What then would it mean for Canada to win? What are we going to choose to dominate? How do we get a country of our scale and geography to adopt a winning mentality not just on the ice, but across industry, technology, and national strategy?
Answering these questions begins by recognizing, and openly stating, that the ruptured world order is operating less like a hockey game and more like a street fight. There is no referee, few if any rules, and unpredictable opponents. When you find yourself in a fight, there is no option other than winning.
This is a lesson, and a mindset, that I trained and lived during my time in special operations. Surrounded by a group of likeminded Canadians, I was trained and selected to execute under conditions where ambiguity is a liability, hesitation is fatal, and second place does not exist. That mindset does not leave you. It is not a tactic—it is a standard. When I transitioned from the military to building ONE9, I brought that standard with me. Participation is not a strategy, for an operator, or for a country. If you are not serious about winning, you are accepting someone else's terms.

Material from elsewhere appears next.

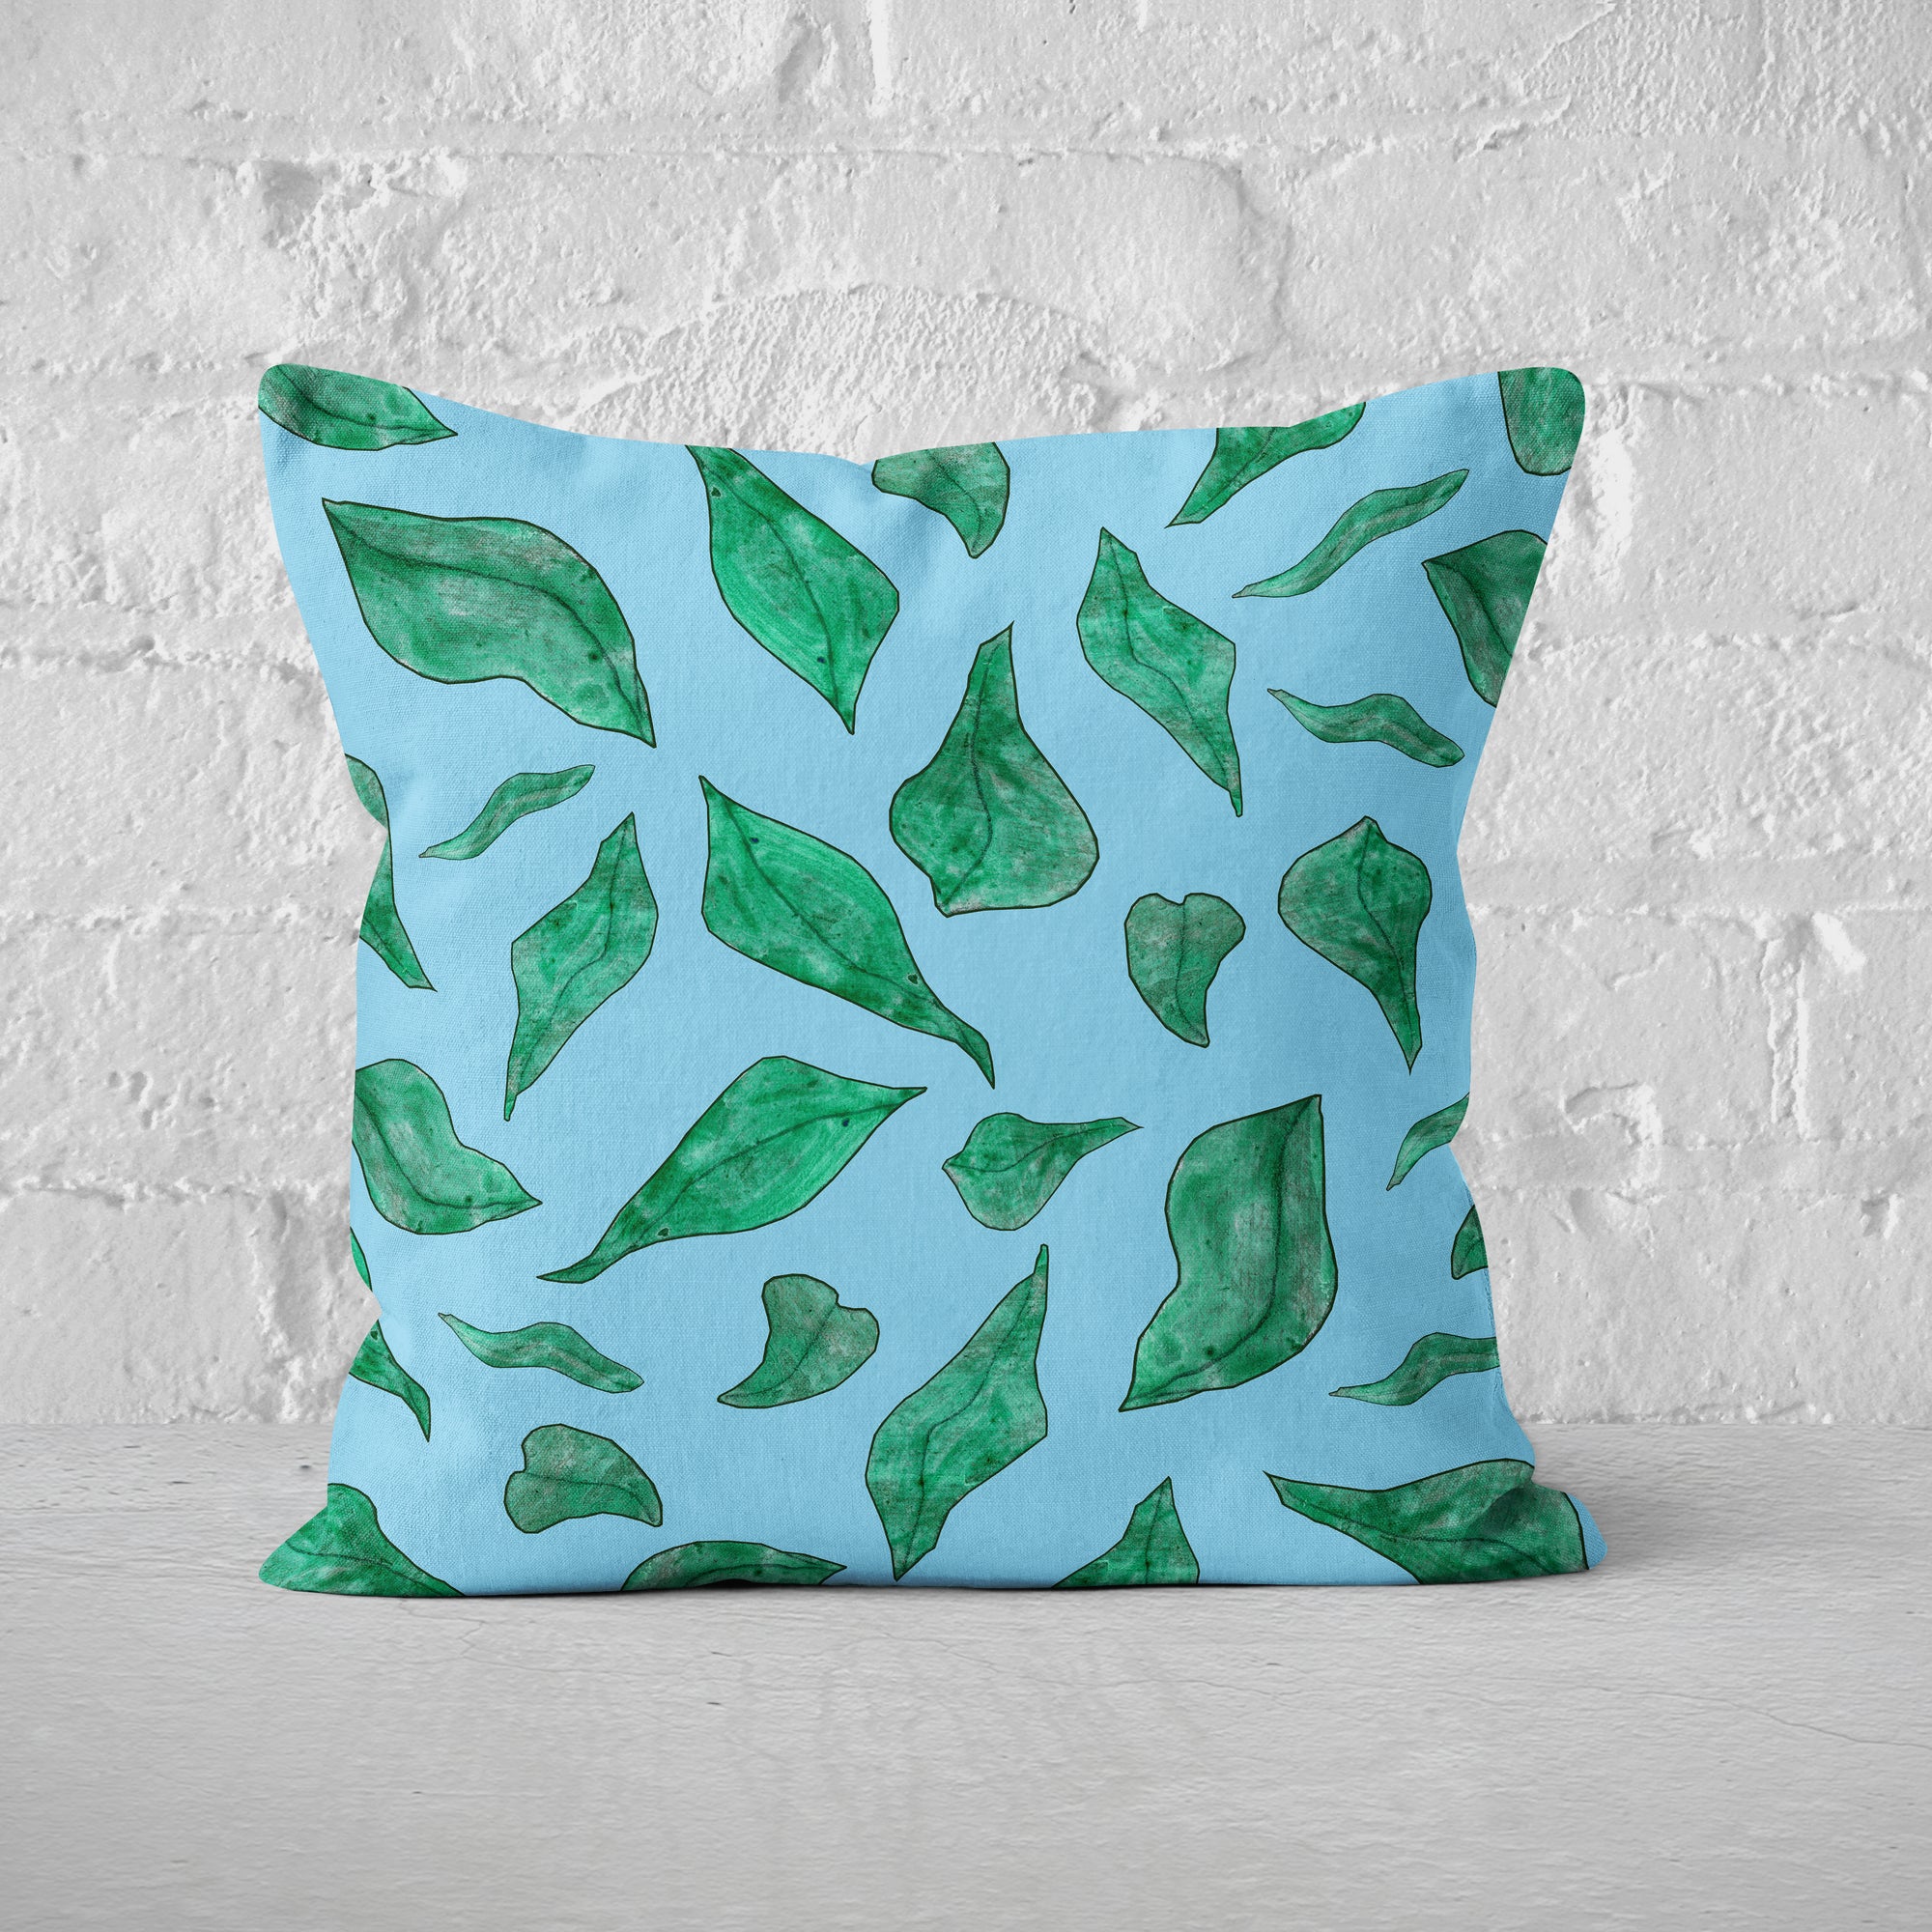 Pillow Cover Feature Art 'Fall' - Blue - Cotton Twill

The lesson is not that Canada must win at everything. But we must cultivate the capacity to win where we choose to compete. Winning in this sense means setting standards, owning critical infrastructure, controlling intellectual property, anchoring supply chains, and dictating tempo. It means being indispensable rather than replaceable.
The Arctic is one such place. It should not be the only one.
IMG // Jeremy Constantineau, ONE9The Arctic concentrates many of the hardest questions of sovereignty in a single geography. It tests domain awareness, logistics, communications, energy resilience, and sustained presence in extreme conditions. It is central to our geography and identity. And it is unforgiving.
This reality is focusing our national attention. Ambitious entrepreneurs and private capital are increasingly converging on the Arctic not because it is fashionable, but because it is hard. Together, we are building new sensing platforms, autonomous systems built for extreme conditions, resilient communications, and infrastructure capable of operating at the limits of climate and distance. From the vantage points of building companies and deploying capital, the pattern is unmistakable: hard problems are attracting serious builders.
Winning in the Arctic, however, is not simply about geography. It is about mindset. A country that cannot adopt a winning posture where the stakes are most visible will struggle to adopt it anywhere else. The habits that produce dominance in the North, such as clarity of purpose, concentration of effort, and tolerance for risk, are the same habits required to compete in advanced manufacturing, artificial intelligence, energy systems, and critical infrastructure.
The Arctic is therefore not just a strategic region. It is a test of whether Canada can recover a broader habit of winning. Canada must now carry that mindset into every arena that shapes our future. At ONE9, we are actively looking for founders and companies who share this conviction—builders who are not playing for participation, but for first place. Not just first place in Canada, but first place in their vertical, globally. We back the ones who have decided to win, who are building with the clarity, urgency, and execution discipline that dominance requires. If that describes you, we want to hear from you.
Canadians understand what it means to play to win when the puck drops. We now call upon our fellow builders and dreamers across the country to bring that same expectation of victory to the arenas that will determine our sovereignty and prosperity.